The late season crops are looking good. The heat & humidity that we endured for the last 3 weeks may have reduced the yields on the edible beans & soybeans but anticipated yields look to still be above average. Our agronomy “experts” say that a lot of our corn will reach “Black-Layer” maturity in early September. From this point on the corn will dry down and gain test weight.
On Friday the sugarbeet industry was dealt a blow when a San Francisco judge ruled that farmers would not be allowed to plant Roundup Ready beets. After a series of rulings & appeals, it was widely thought that Roundup Ready beets would gain permanent approval. It’s not over yet, industry officials remain optimistic that UDSA will grant permanent approval. In the meantime, the sugarbeet industry has some serious concerns over seed supplies if the farmers need to plant conventional seed in 2011.
This week cooler temperatures are prevailing and one can feel a “touch” of fall in the air. Nothing is better than sleeping with the window open rather than closed tight with the air conditioner running.

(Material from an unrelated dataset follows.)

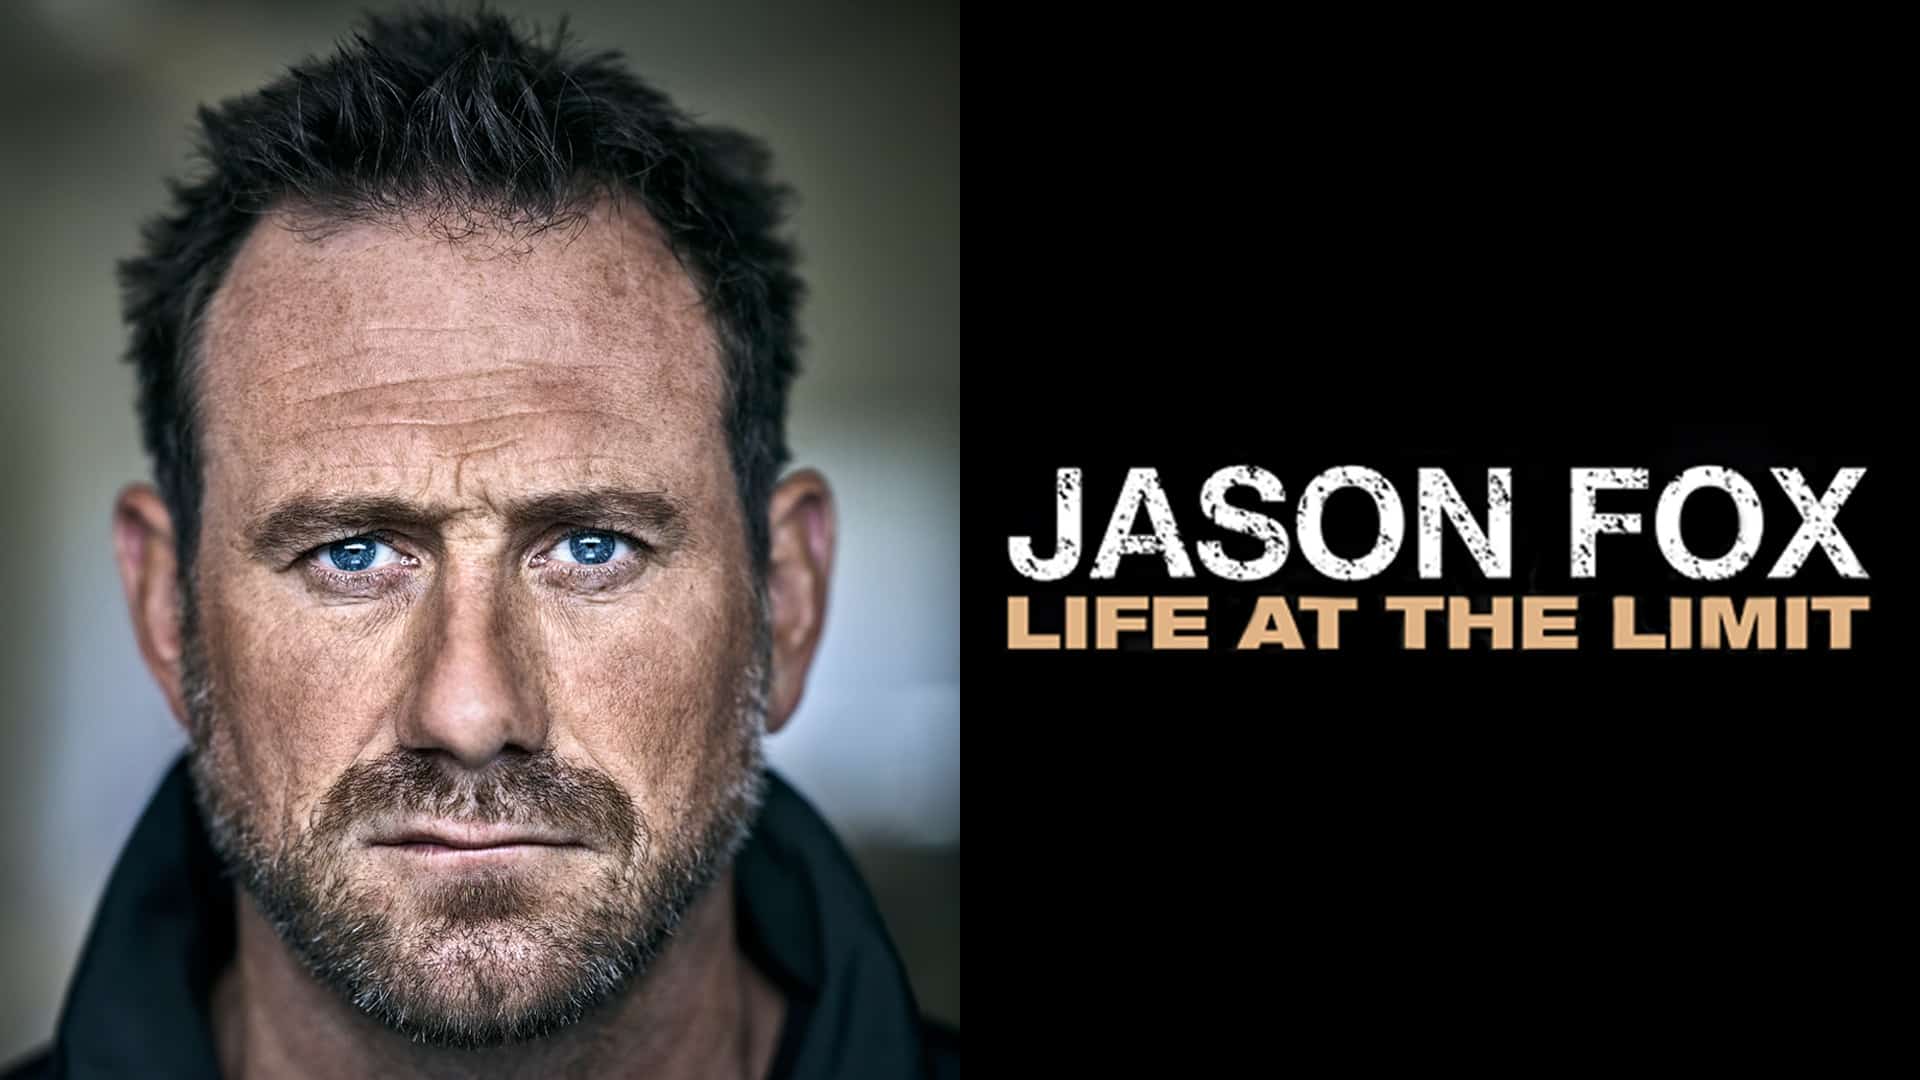 Jason Fox Life at the Limit

The main event in the world of agriculture this past week was the USDA crop production report released Thursday morning. In corn, the USDA raised corn production estimates from 13.245 billion bushels (in the July report) up to 13.365 billion. Actual production in 2009 was 13.110 billion bushels. They raised their national average yield estimate from 163.5 up to 165.0. This compares to a national average yield in 2009 of 164.7 bushels per acre. For soybeans, the USDA is estimating the crop at 3.433 billion bushels. This is up from a 3.345 billion bushel estimate in July, and compares to a 3.359 billion bushel crop last year. They are predicting the national average yield at 44.0. This compares to a July estimate of 42.9, and an actual yield of last year of 44.0.
Not everyone agrees with the USDA estimates however. University of Illinois analyst, Darrel Good, issued an estimate for the national corn yield to come in at 158.1 bushels per acre and soybeans at 43.7 bushels per acre. He said the expected shortfall is due to excessive June precipitation and above average temperatures.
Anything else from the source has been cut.